• _Exercise prompt_
All of the data below should be set down again verbatim, without any images.

----- Supplied information

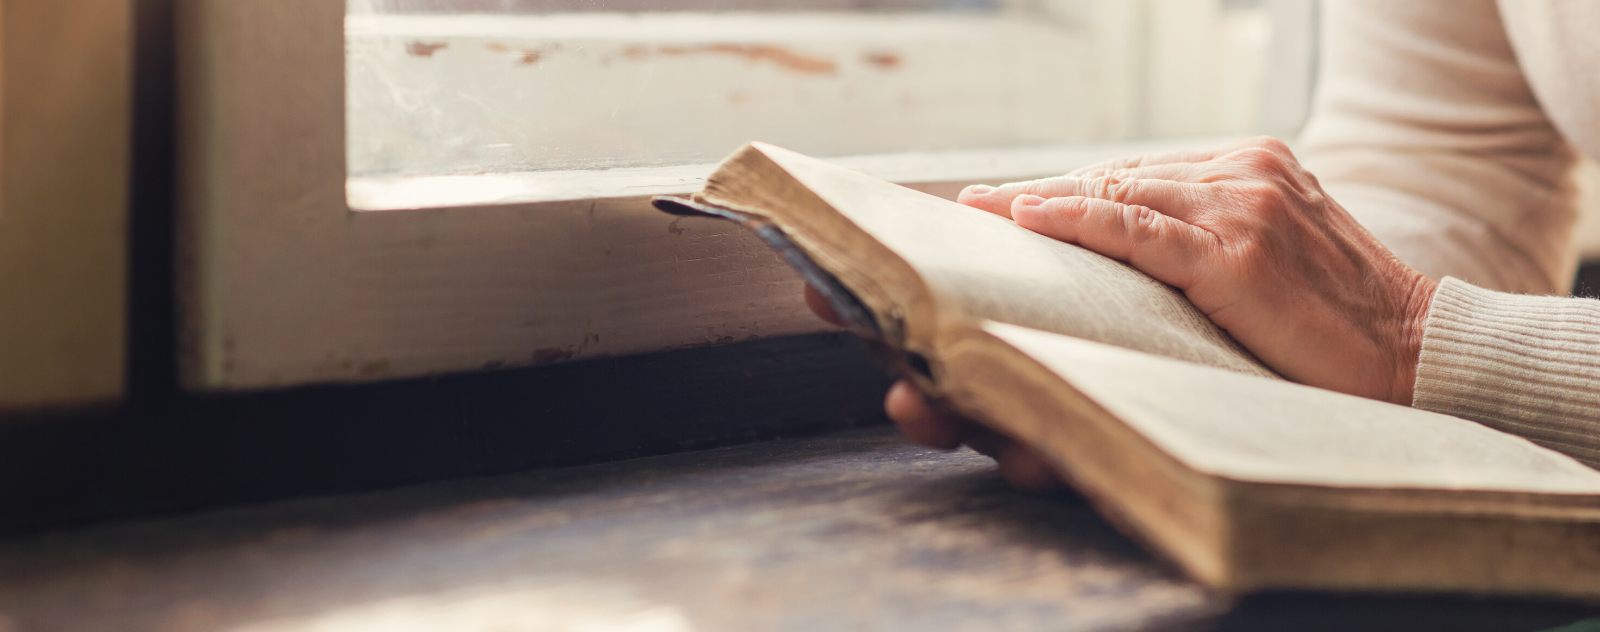 How to memorize Bible verses?
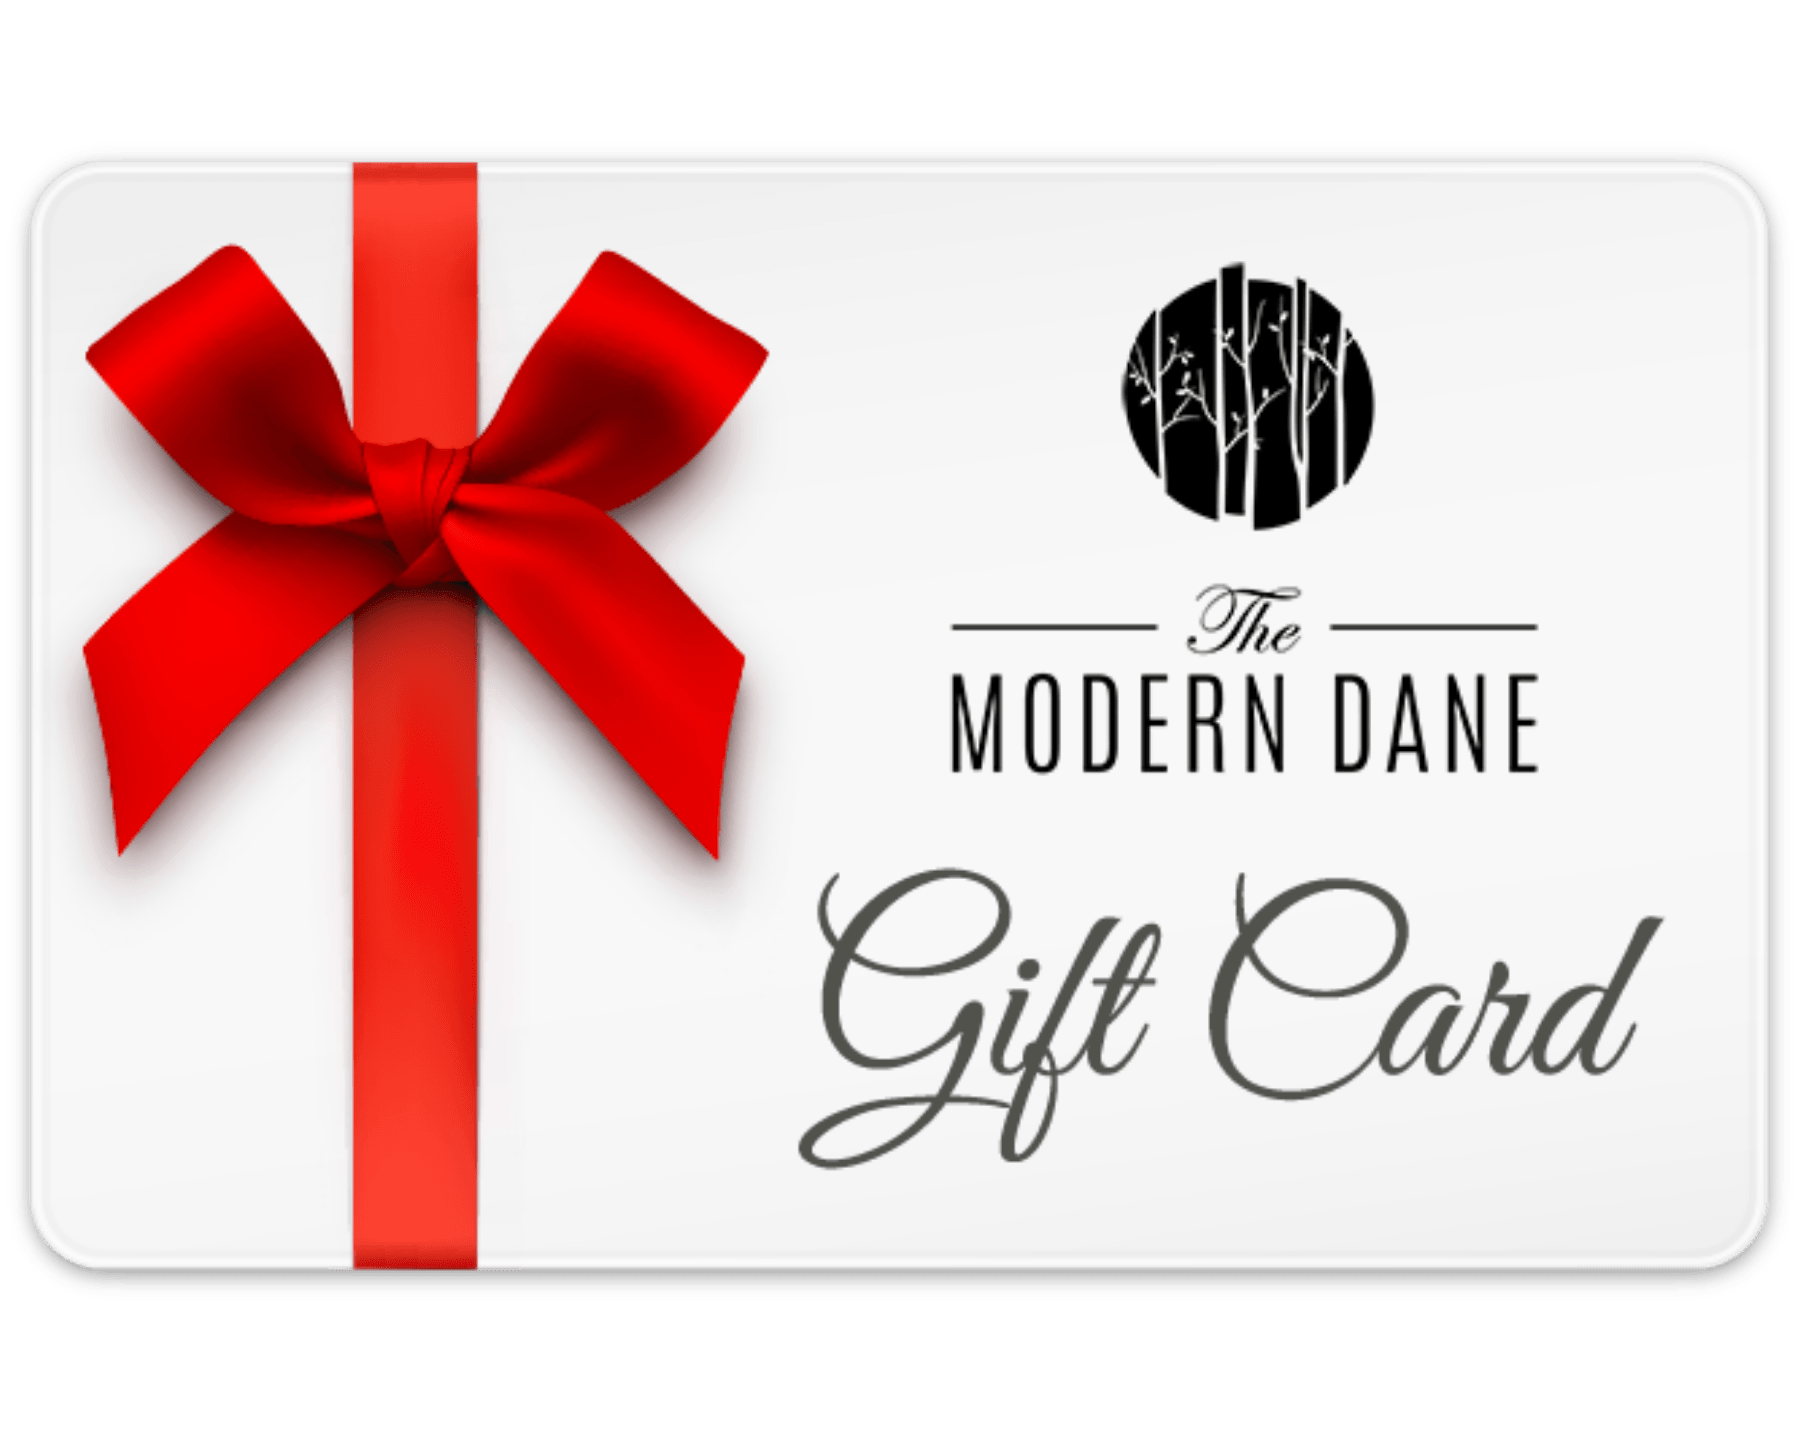 The Modern Dane Gift Card
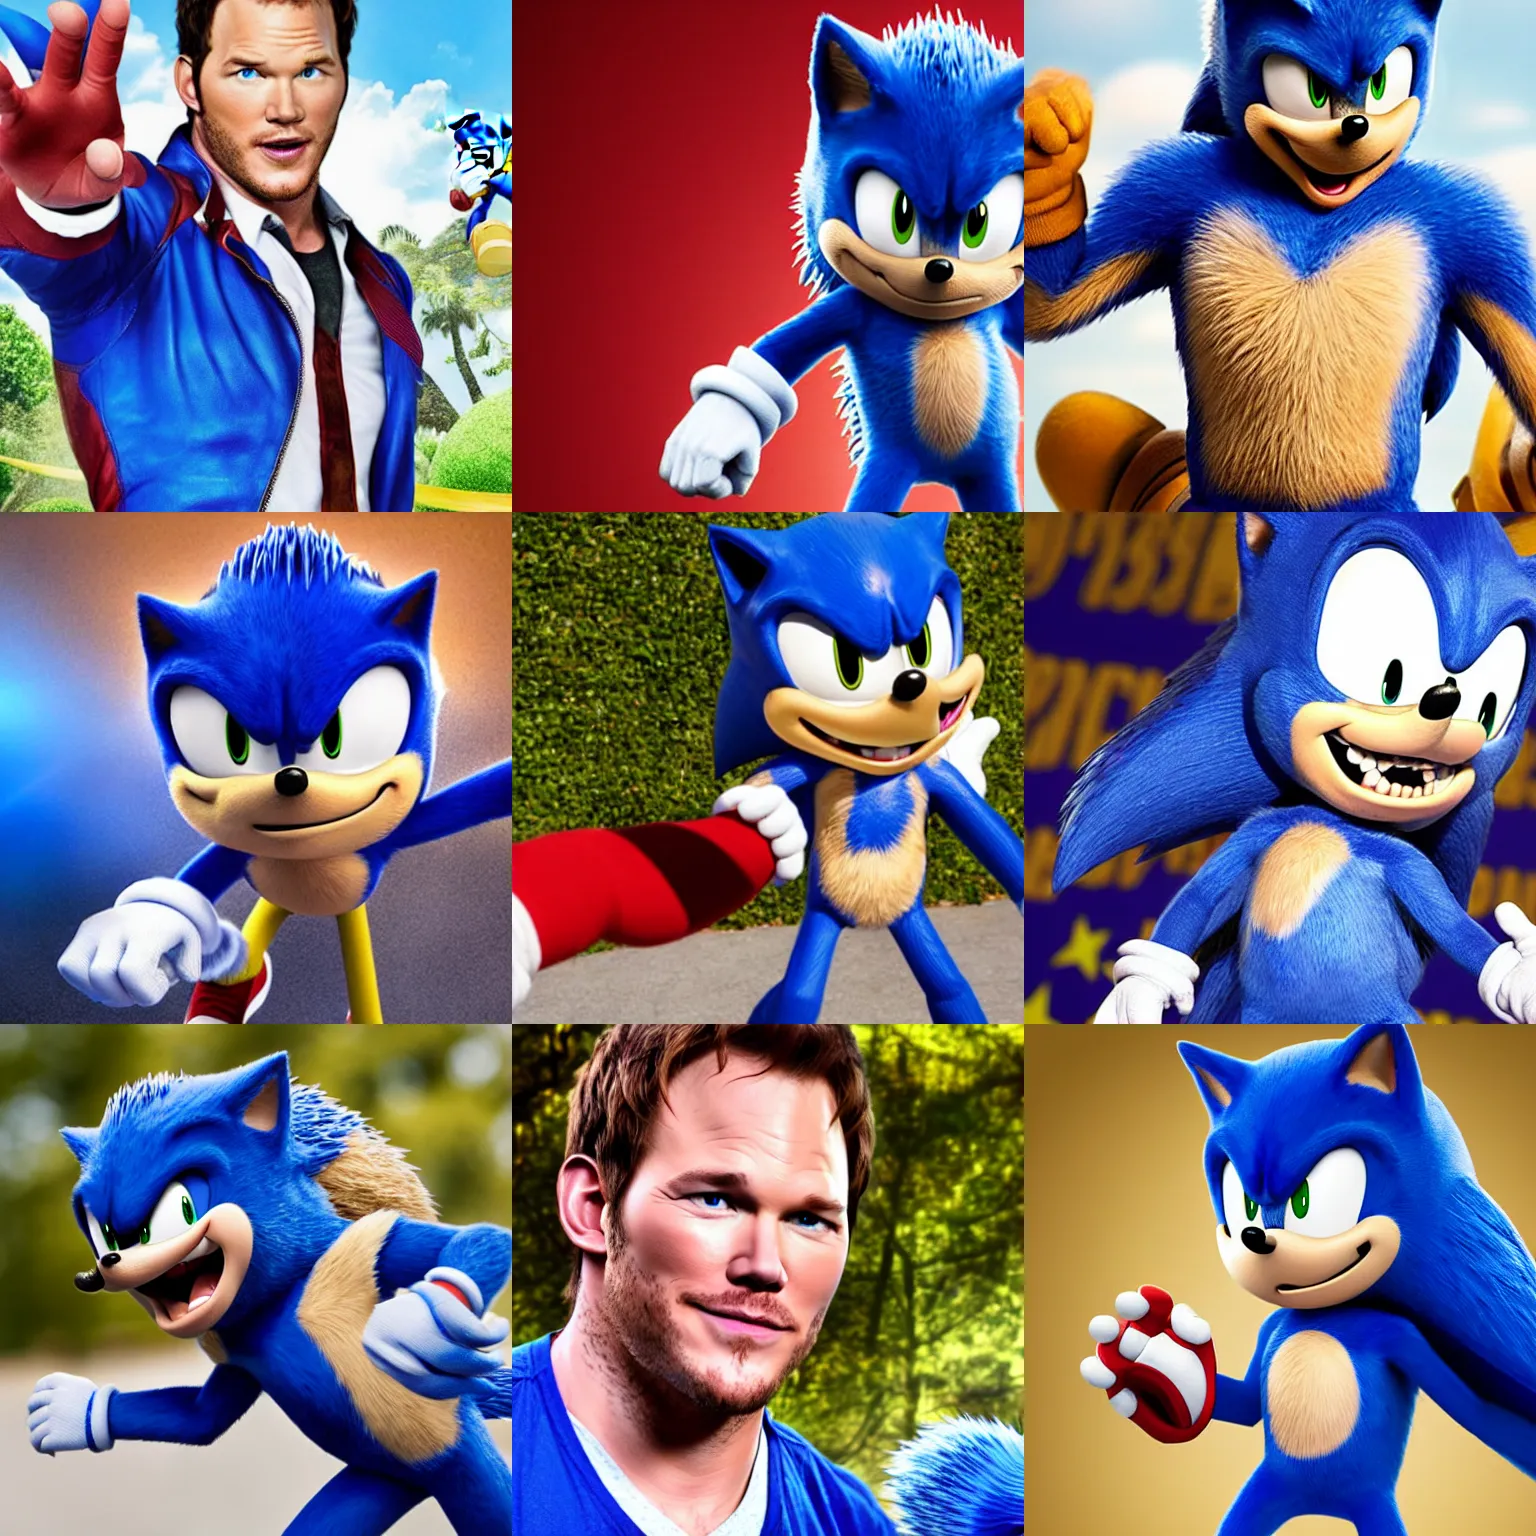 Prompt: Chris Pratt as Sonic the Hedgehog, photograph

----------

• _Output of the task_
 How to memorize Bible verses?
 The Modern Dane Gift Card
 Prompt: Chris Pratt as Sonic the Hedgehog, photograph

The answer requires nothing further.